And then, it happened. Glasses, off. Everyone looked around at each other in disbelief, awestruck grins slapped across their faces. No one really knew what to say. Stars and planets were plainly visible at this point, in the northern horizon the sky glowed like twilight. 

My wife had her camera still bagged up, insisting she wouldn't want to waste precious time on pictures, but her mom had hers out just in case someone caught the impulse. My wife couldn't resist. 




Remarkably I like the date stamp, lol. Who's ever said that? Anyways, that's our experience. Thanks for letting me share. My words still don't do God's glory justice


----------



## abax (Aug 21, 2017)

We saw an almost total eclipse on our front deck. The deck
was covered end to end with shadows of the moon moving
over the deck. We watched the sun in a puddle of water and could even see the corona of many colors.
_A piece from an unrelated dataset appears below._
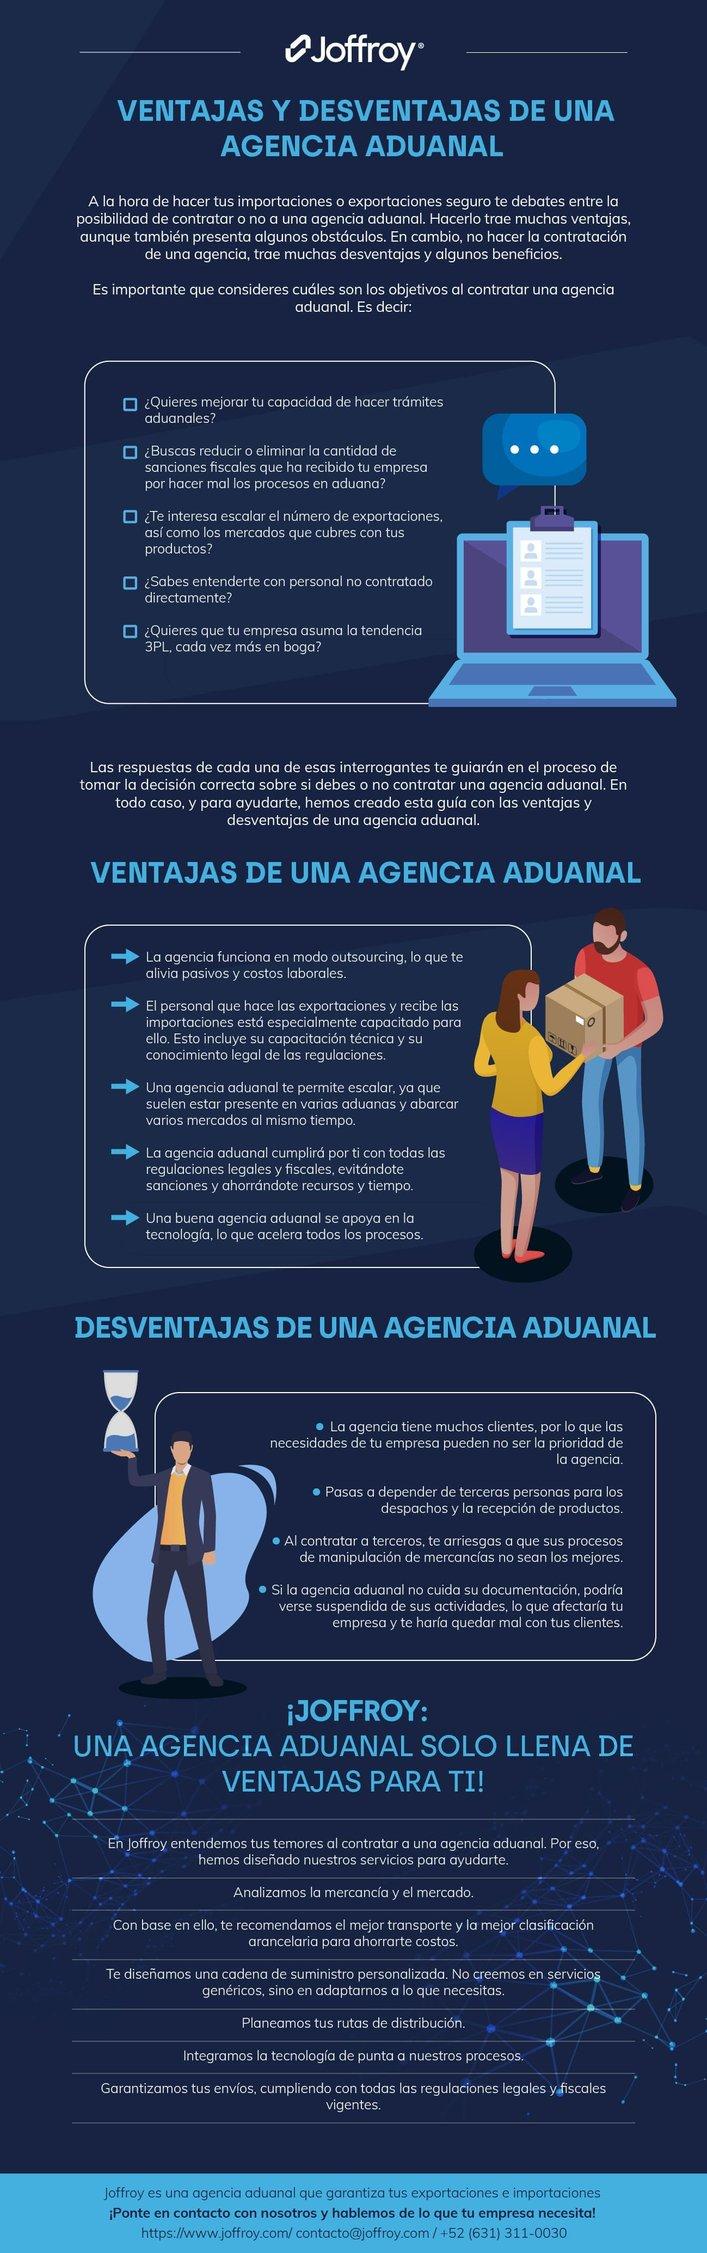 ventajas-y-desventajas-agencia-aduanal- infografia
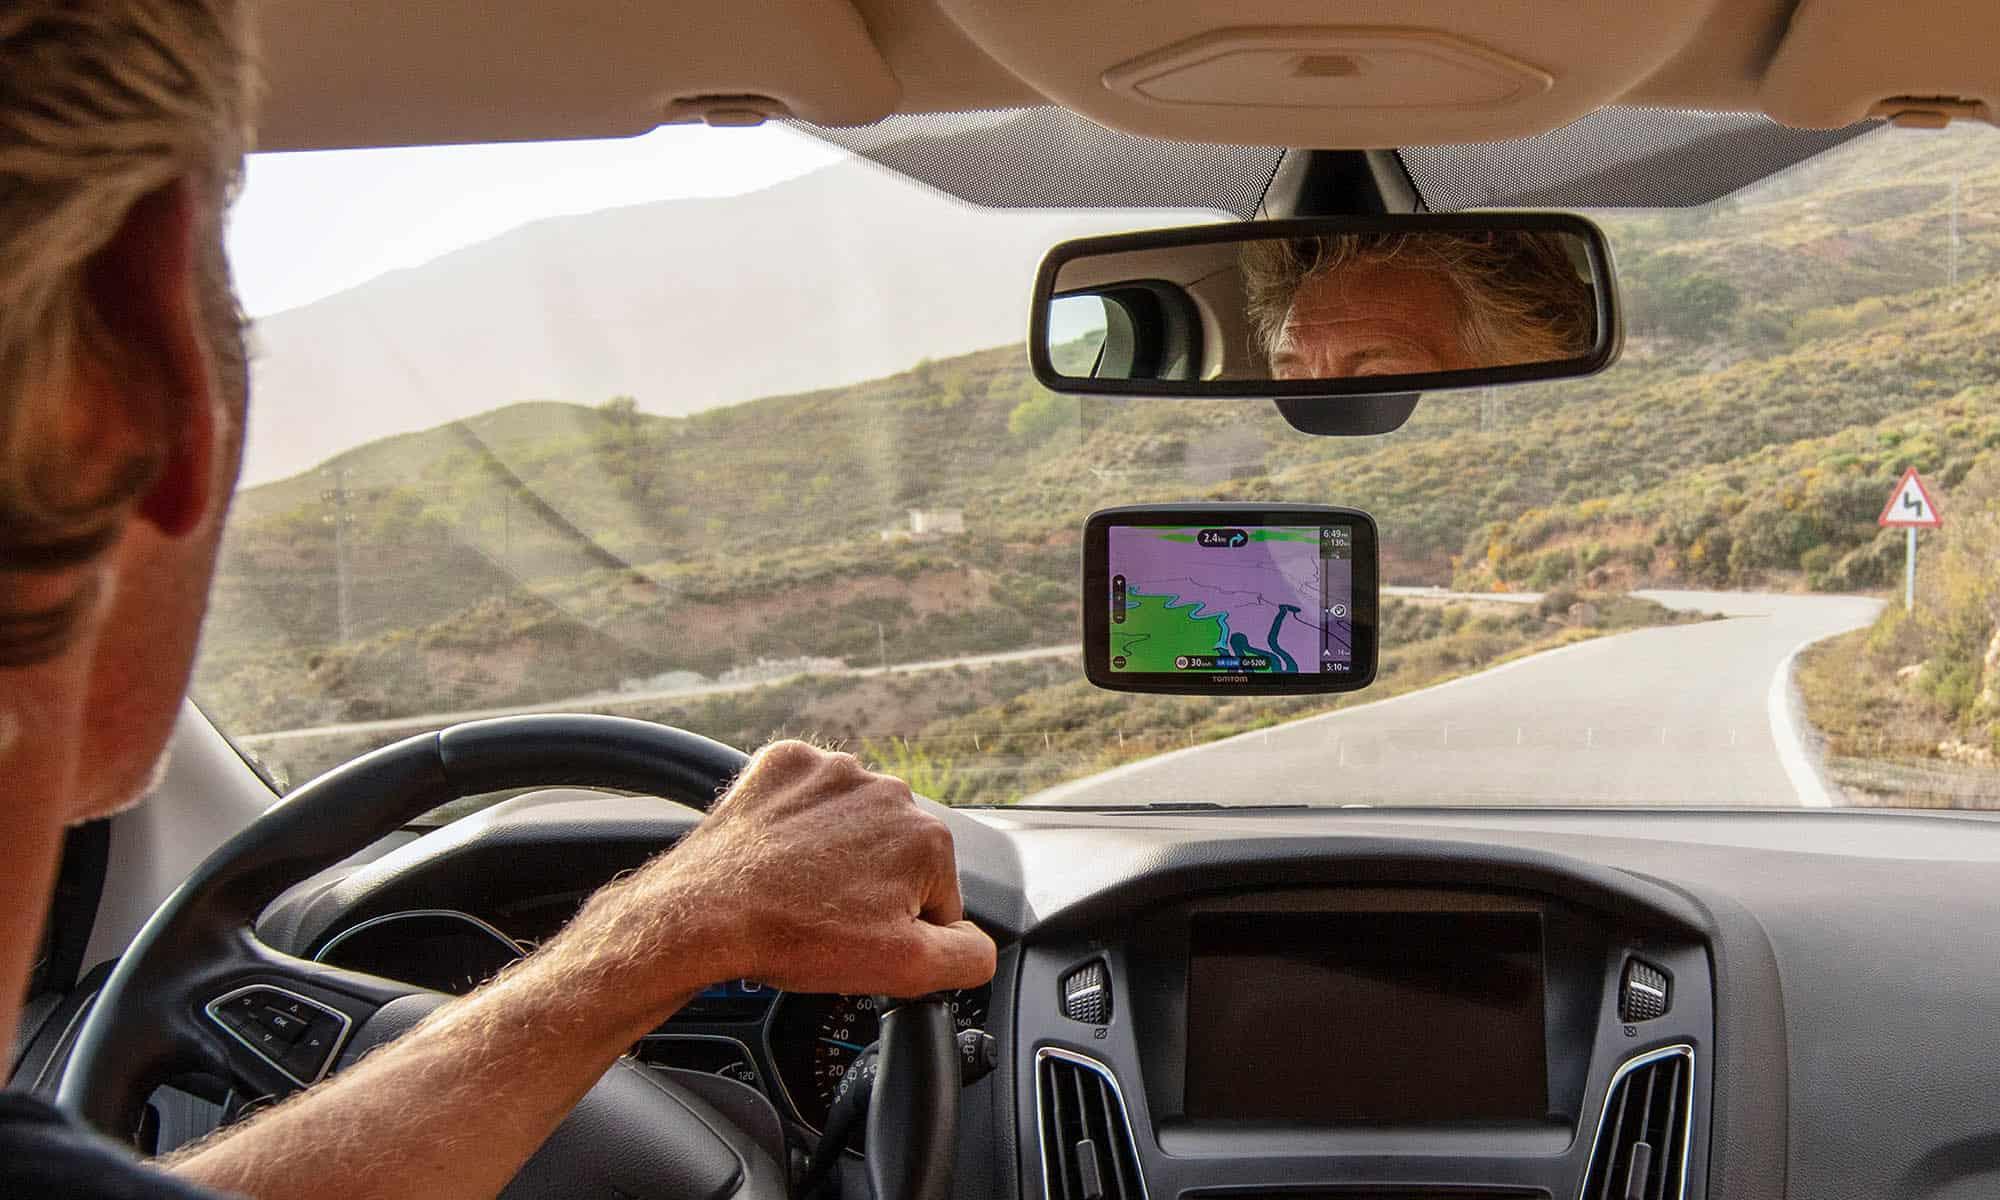 Tomtom student deals driving navigation

Unfortunately, all glasses sold out everywhere, but the
experience was quite moving anyway.


----------



## ehanes7612 (Aug 21, 2017)

My best friend was with me and we were both looking at the last sliver of sun when it went total...I took my glasses off and was just floored,( baileys beads and the corona were better than I expected)..then I heard her say, "I dont see anything" ...I replied " take your glasses off" ..I wish I had a picture of the look on her face when she saw the corona ...it was priceless..30 seconds later she was so excited she started pacing in a circle, not knowing what to do with herself (later, she said she felt like a chicken with their head cut off)...I told her " Christine , its not over yet ..keep watching for the beads" ...it was like watching a little kid lose it with fascination..we also heard crickets starting to chirp.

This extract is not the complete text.